Unionized For A Classless Society
A national influence who shaped India's trade unions and fought against injustice, B.T Randive was also one of the prominent leaders of the Communist Party of India and struggled to birth a society free from the oppressions of caste and class.
Bhalchandra Trimbak Ranadive, fondly known as BTR, was born on 19th December 1904. He witnessed colonial India, its struggles, and even independent India and its set of challenges, and so, he was able to be instrumental in shaping a vision for India.
He completed his master's in 1927 and, within a year, joined the furtive Communist Party. His ardent desire for change did not end there, and he became a notable leader of the All India Trade Union Congress. Amongst the many unions he was active in, he is most remembered for his struggles of textile workers in Bombay, and the strifes of the railway worked under the Girini Kamgar Union. Subsequently, he was appointed as the secretary of the GIP Railway worker's Union.
His work was more than just that, and he eventually married a woman named Vimal, who was also a trade union activist in 1939.
Apart from the unions, Ranadive found himself at the political front, elected to the party's Central Committee in 1943, and three years down the line, in 1946, he played a significant role to support the Naval Ratings Revolt or the 1946 Naval Uprising by organizing a general strike in its support.
Post-independence, all was going well for him, and in February 1948, at the Communist Party's second party congress, he was extended the roles and responsibilities of the General Secretary of the party and served for two years. He changed the face of the party and encouraged revolutionary uprisings.
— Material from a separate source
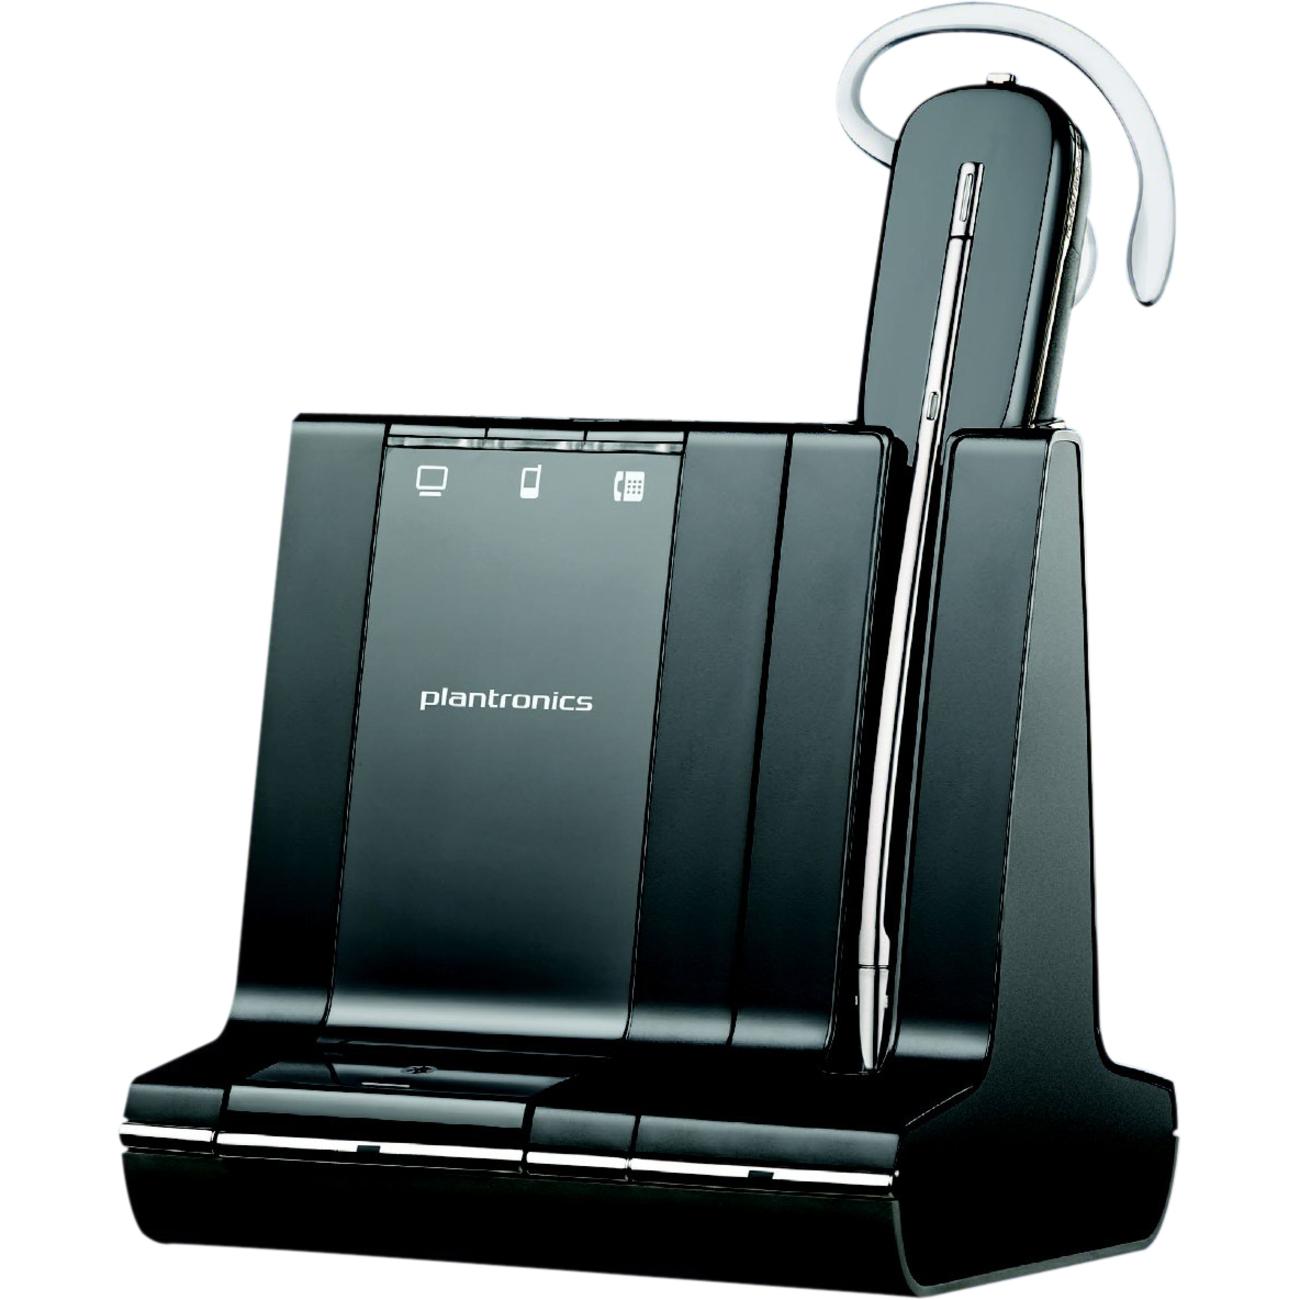 Plantronics Savi W745-M Headset_subImage_1

However, this did not bode well, and in 1950, he was denounced and deposed.
This slump was only short-lived and in 1956, he was included yet again in the Central Committee and became a leading figure for the leftist section.
He became a powerful leader who went to jail during the Indo-China war, became the president of the Centre of Indian Trade Unions and is still remembered by its central building named after him, "BTR Bhavan".
BTR was a brilliant leader and scholar who fought for the rights of all sections of society.